In the gloaming

By Elizabeth Prata

Words are interesting. I like the word ‘gloaming’. It’s a more romantic and atmospheric word than just ‘dusk’ or even ‘twilight’.

Merriam Webster says of gloaming: “Originally used in Scottish dialects of English, the word traces back to the Old English glōm, meaning “twilight,” which shares an ancestor with the Old English glōwan, meaning “to glow.” In the early 1800s, English speakers looked to Scotland again and borrowed the now-archaic verb gloam, meaning “to become dusk” or “to grow dark.” Source Merriam Webster.

A less academic and more poetic treatment of the word, which is a weather word after all, comes from weather.com:

Gloaming stems from the Old English glōmung, which itself is a derivative of glōm, which means “twilight or darkness.” Dictionary.com notes that gloaming comes from the same root as glōwan, a verb that means “to glow like a coal or fire.” So, while twilight literally means “second light” or “half light,” and emphasizes the light itself, when you use gloaming, it stresses the way the landscape is glowing, the way it looks strangely alive, rather than the light itself.

EPrata photo of clouds at gloaming time

I went outside at sunset because I heard ducks. Aa bunch of them were waddling toward the pond across the street. What I saw when I looked up to the sky was amazing. A storm front was moving through with boiling clouds scudding from west to east. But they looked like mountains. The scene was of mountains marching to the sea, a stately, purposeful a march with the light behind them changing by the second. The gloaming light tinged the edges of the clouds with gold and silver. They glowed. I was mesmerized.

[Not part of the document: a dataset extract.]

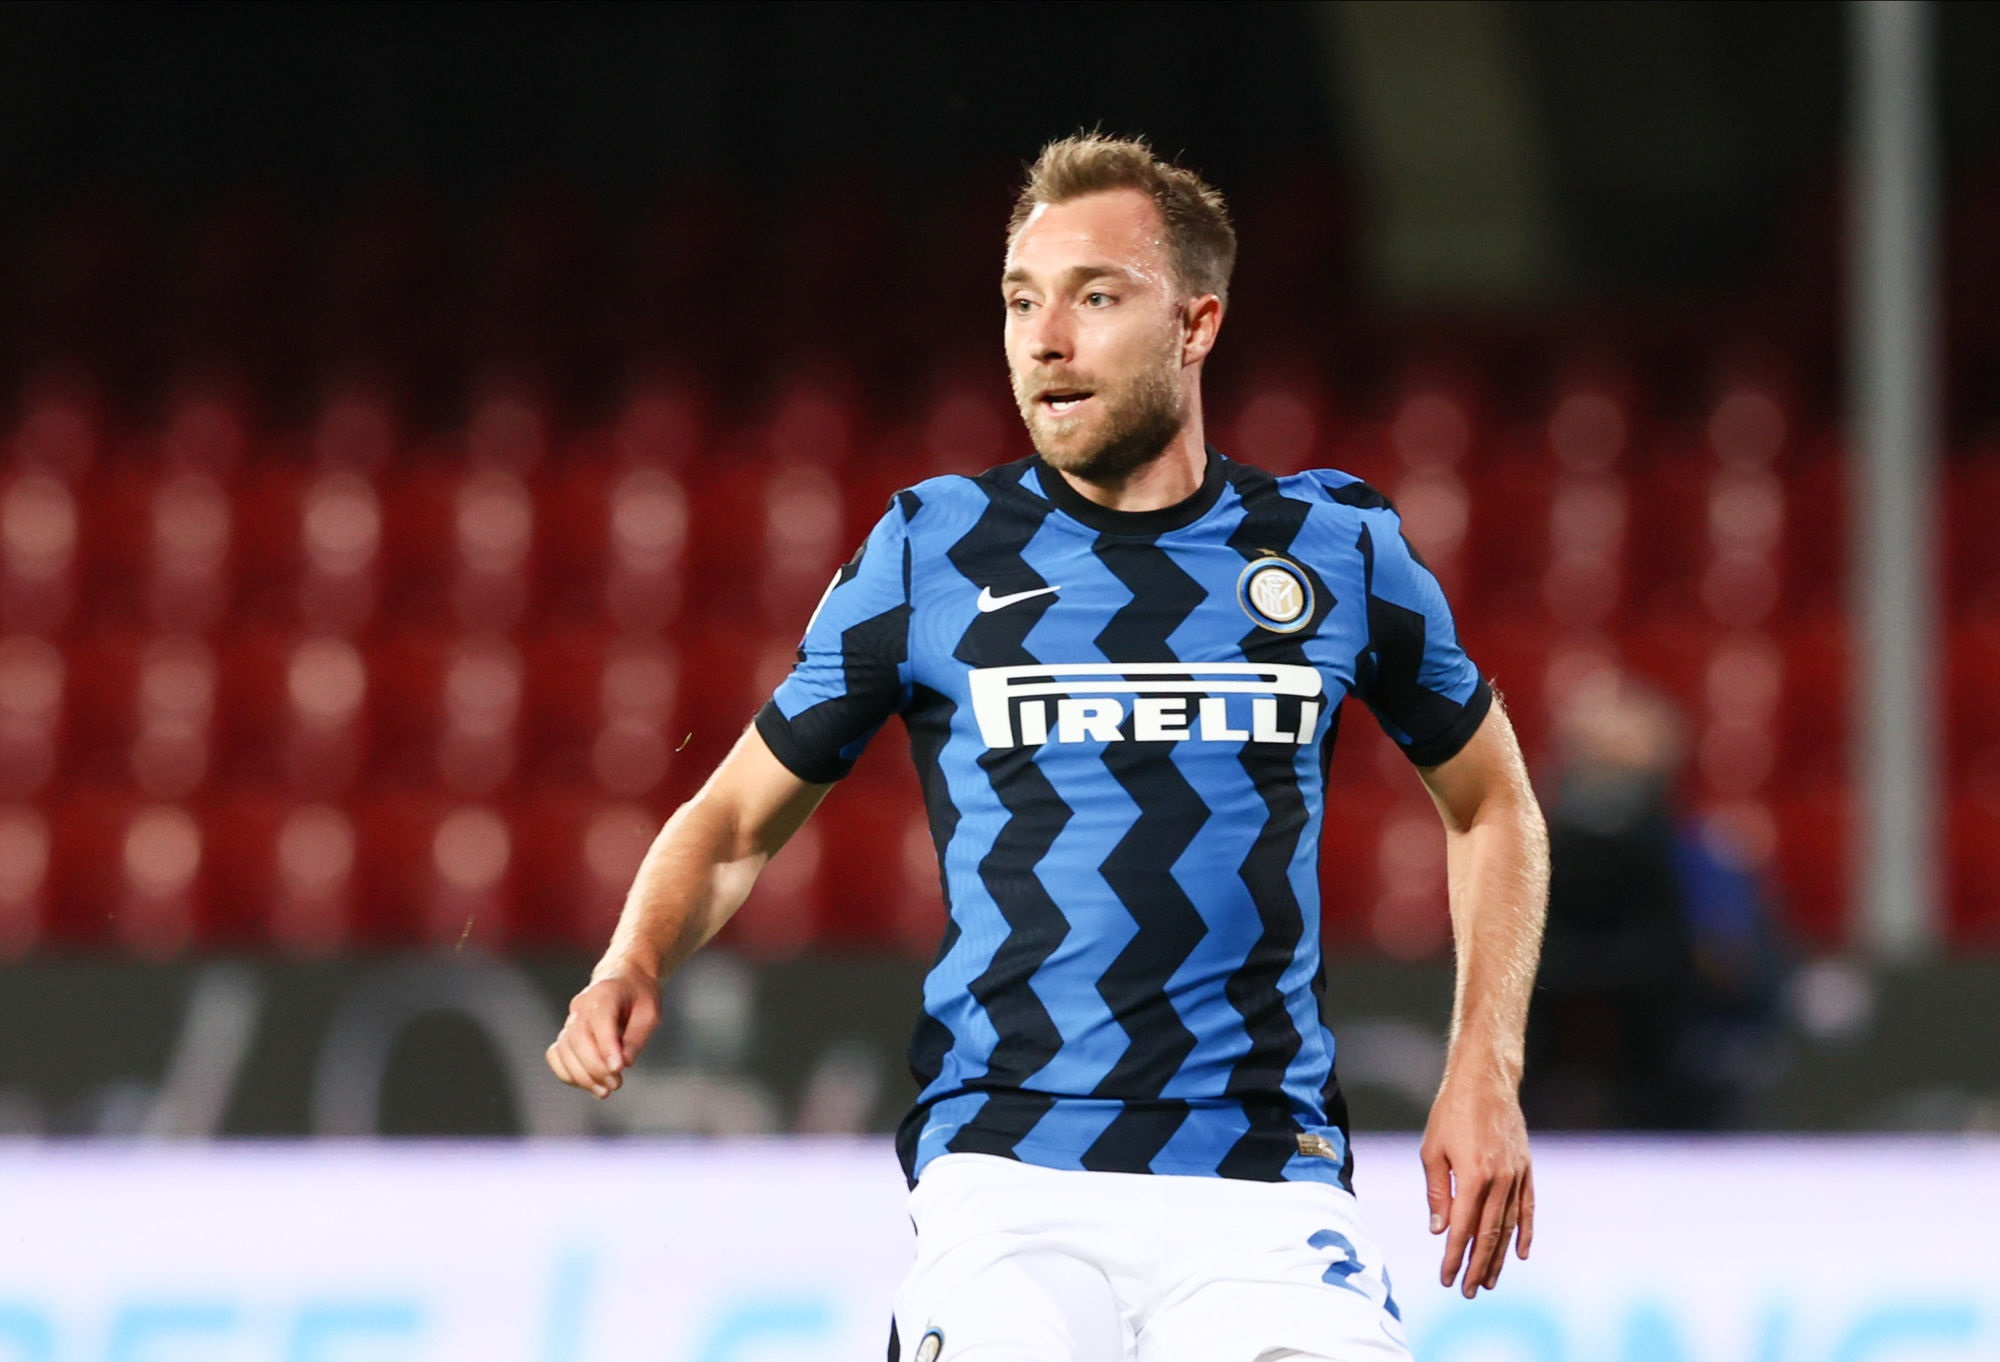 Mercato - Le PSG a fait savoir à l'Inter Milan qu'il ne recrutera pas Eriksen, annonce Di Marzio

The light changed from orange to pink to red to yellow moment by moment. The mountainous clouds slid by as if on skates, gliding in a regal progression too majestic to notice mere tiny humans. The photos don’t nearly capture it.

Did you ever wonder why God chose to reveal Himself in words? He could have done so in pictures or in other ways our limited human brains can’t even fathom. But He chose words.

He created worlds, the stars, and us. He set the sun in its course to rise and set, and have it paint the sky while it was rising and setting. He chose color in the world.

My own words aren’t poetic enough to reach the heights of elegance that the clouds and sun and sky reached as I viewed their magnificent display. But God’s mind is such that He chose to give us words. One of them is gloaming. And He chose to give us beauty in the world. God gave me a demonstration of beauty in the gloaming I would not soon forget.

When I consider Your heavens, the work of Your fingers,
The moon and the stars, which You have set in place;
4What is man that You think of him,
And a son of man that You are concerned about him?